▶ **Exercise requirements**: Look below for the line that contains "選ぶ磨かれたバリア3x Naturegift Instant", then quote it and all the lines after it, exactly, with the pictures left out.

▶ **Supplied material**:
--- START ---
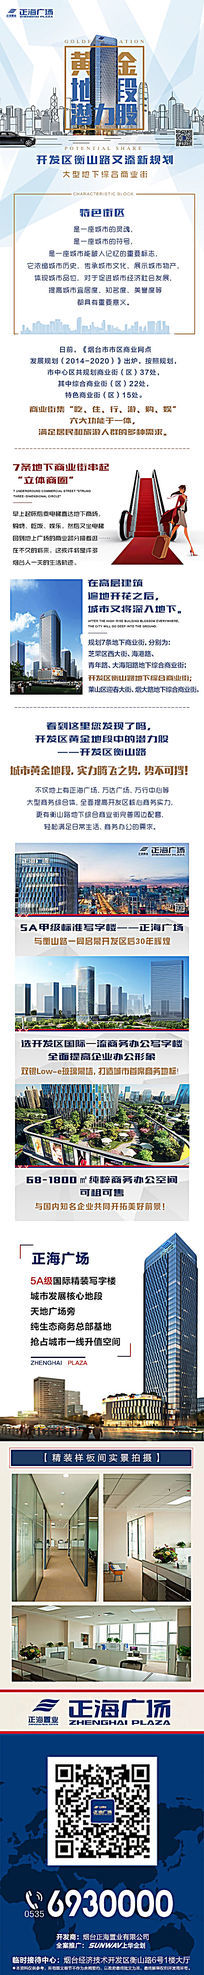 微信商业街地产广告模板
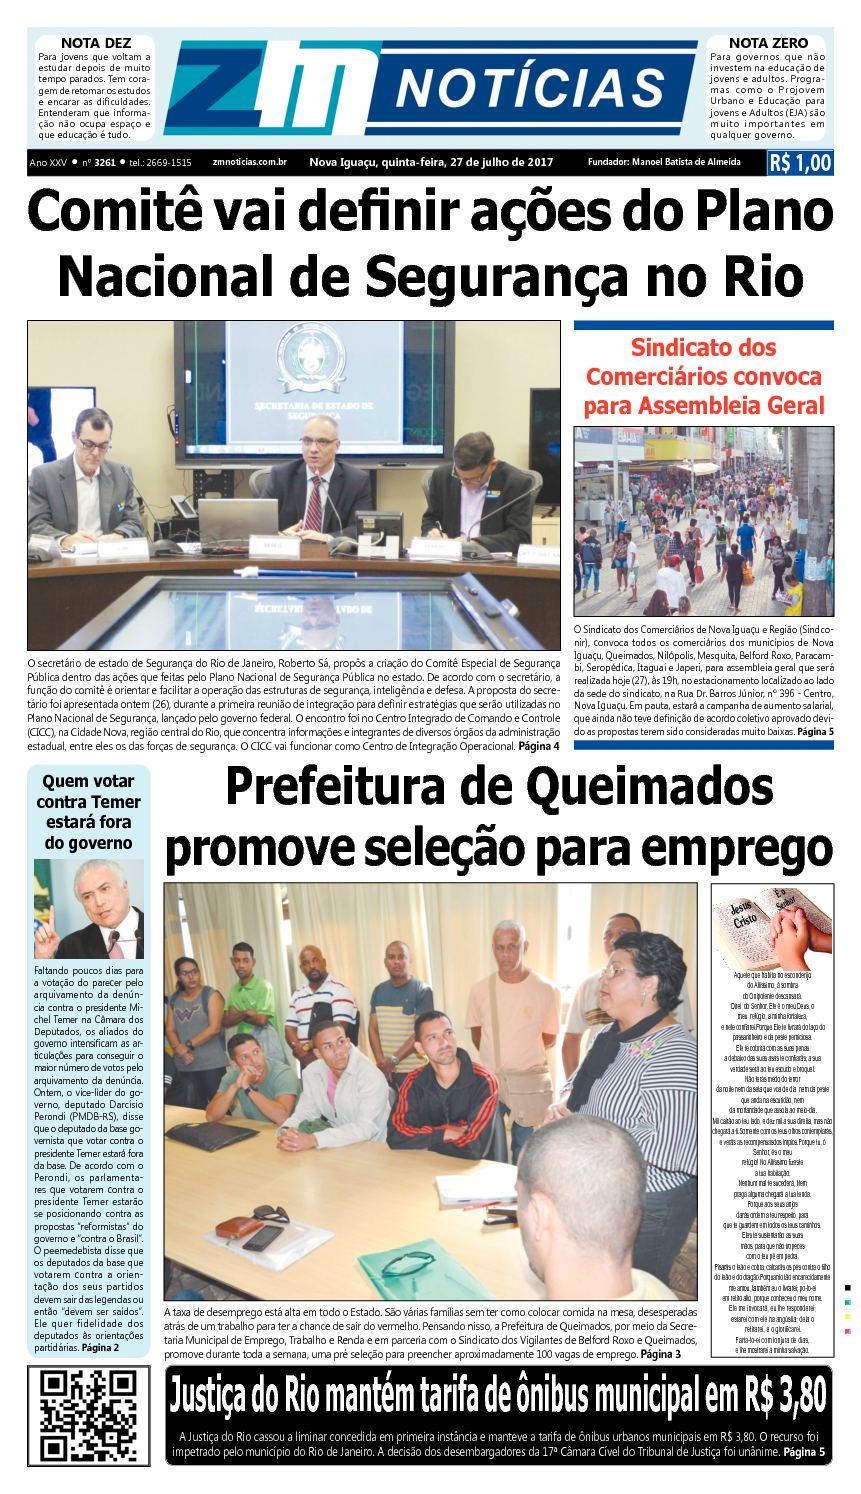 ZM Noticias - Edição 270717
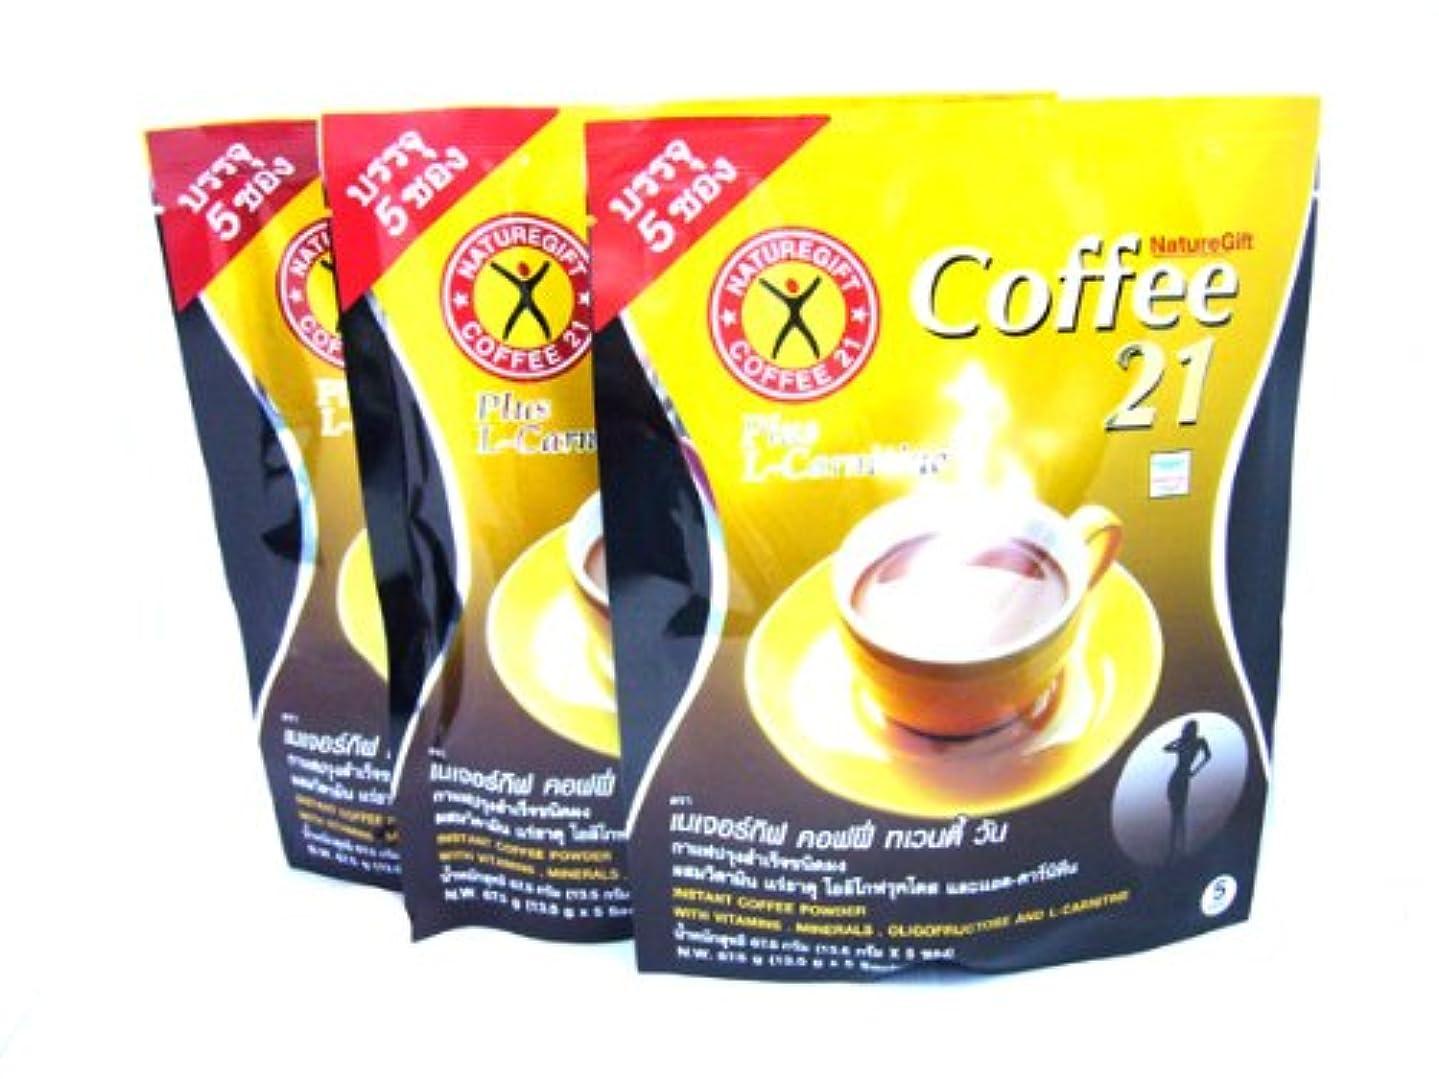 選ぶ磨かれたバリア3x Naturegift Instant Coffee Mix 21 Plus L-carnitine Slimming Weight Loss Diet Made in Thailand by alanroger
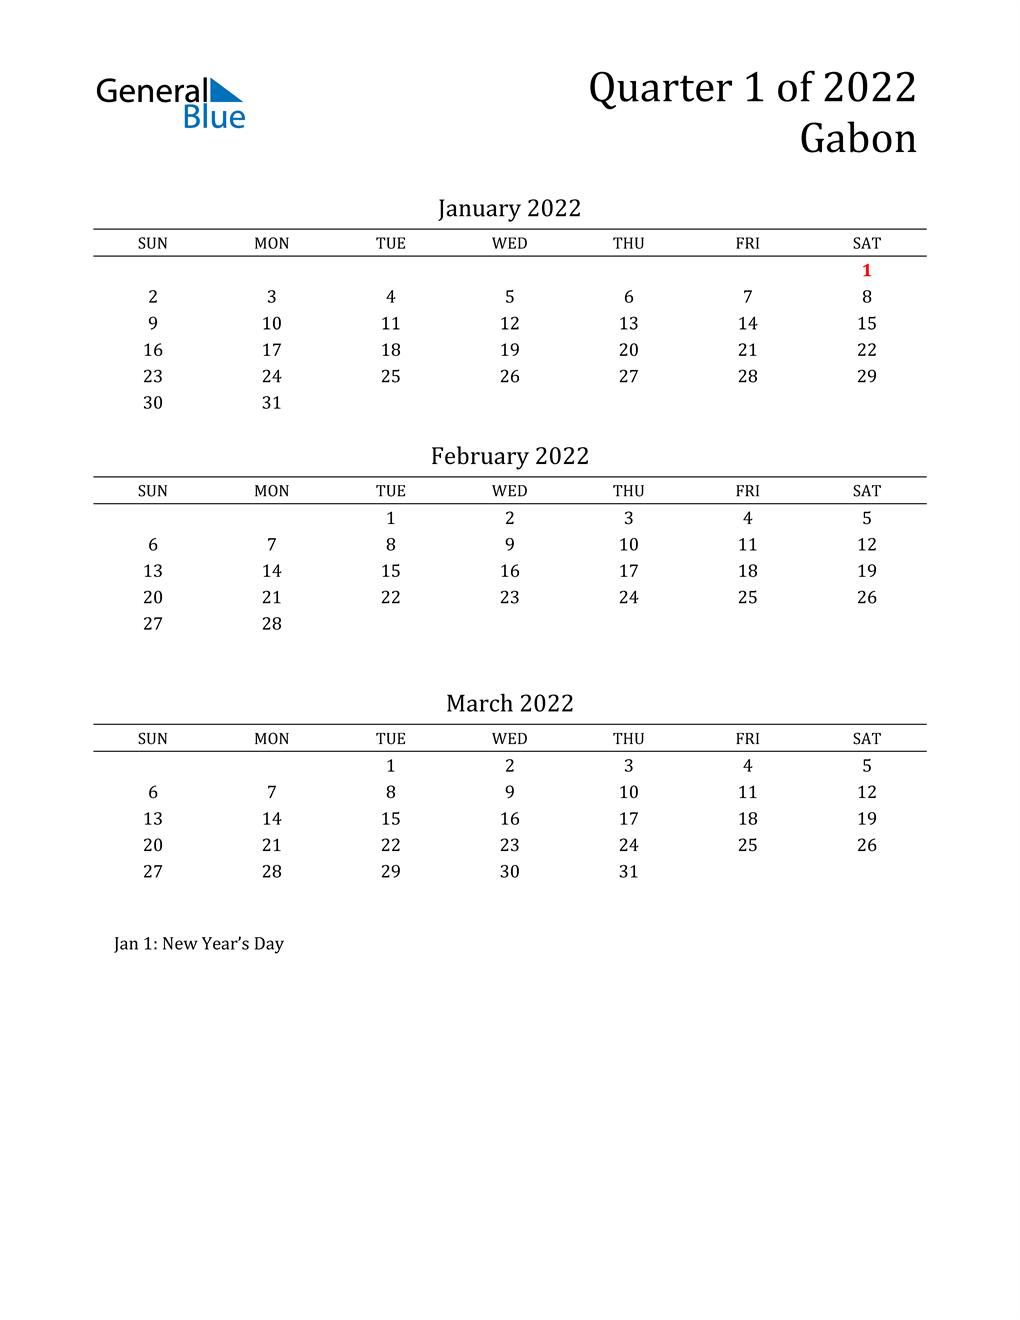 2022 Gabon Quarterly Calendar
--- END ---
▶ **Output for this task**:
 選ぶ磨かれたバリア3x Naturegift Instant Coffee Mix 21 Plus L-carnitine Slimming Weight Loss Diet Made in Thailand by alanroger
 2022 Gabon Quarterly Calendar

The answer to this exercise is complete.